Task description ▸ With the pictures removed, write out the full listing below exactly.

Stored data ▸
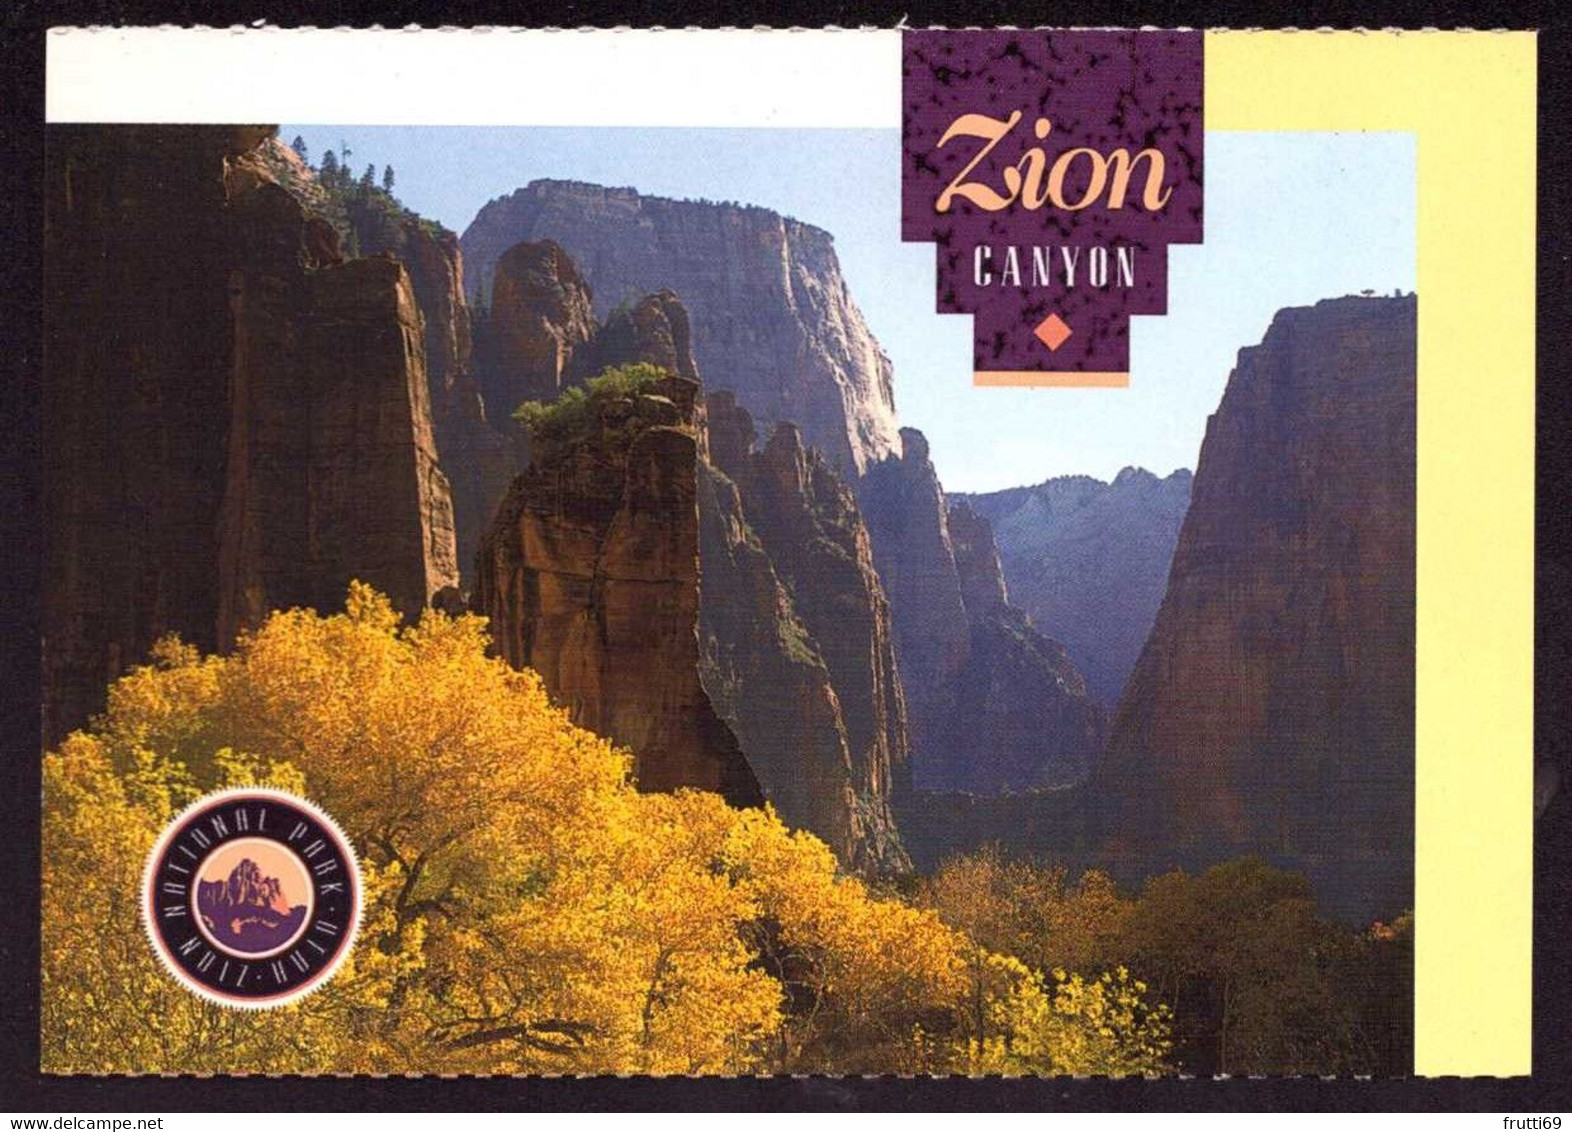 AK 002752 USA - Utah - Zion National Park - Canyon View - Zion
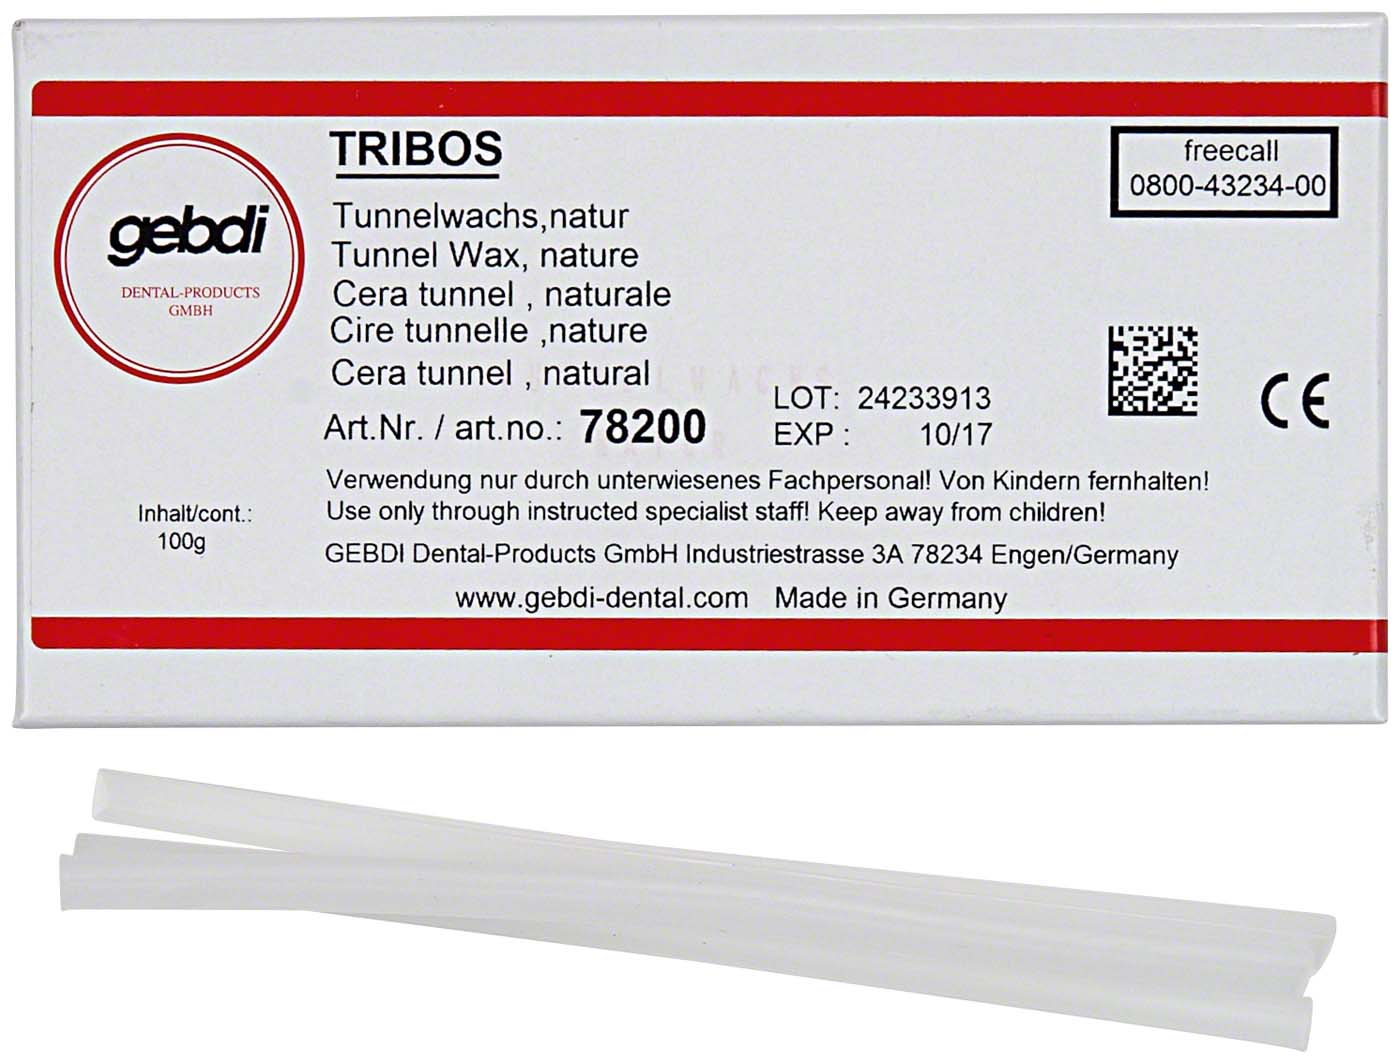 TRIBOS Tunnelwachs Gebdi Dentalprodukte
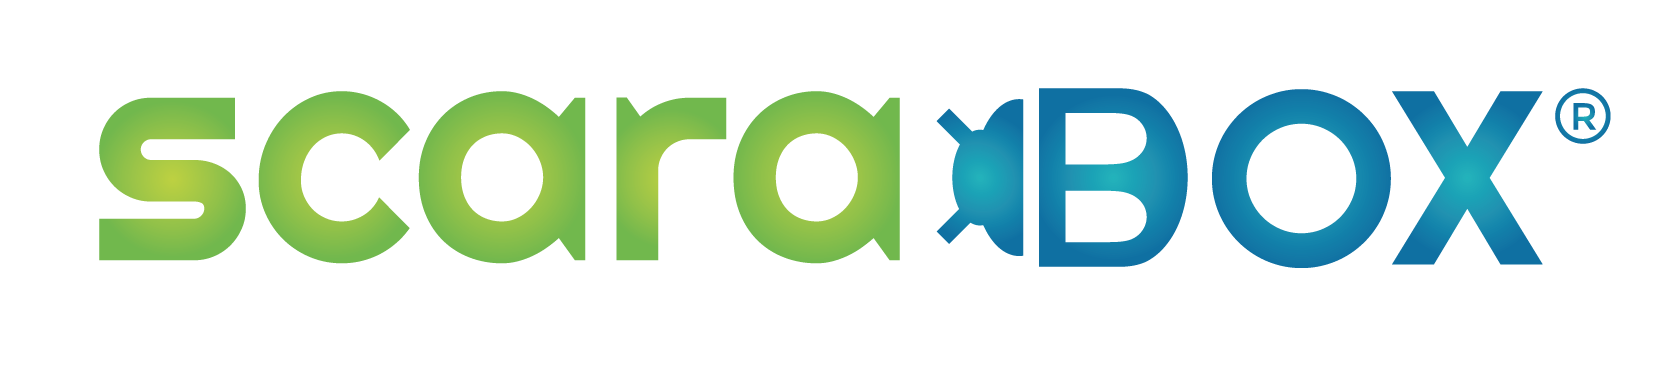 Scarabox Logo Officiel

Written response ▸
 AK 002752 USA - Utah - Zion National Park - Canyon View - Zion
 TRIBOS Tunnelwachs Gebdi Dentalprodukte
 Scarabox Logo Officiel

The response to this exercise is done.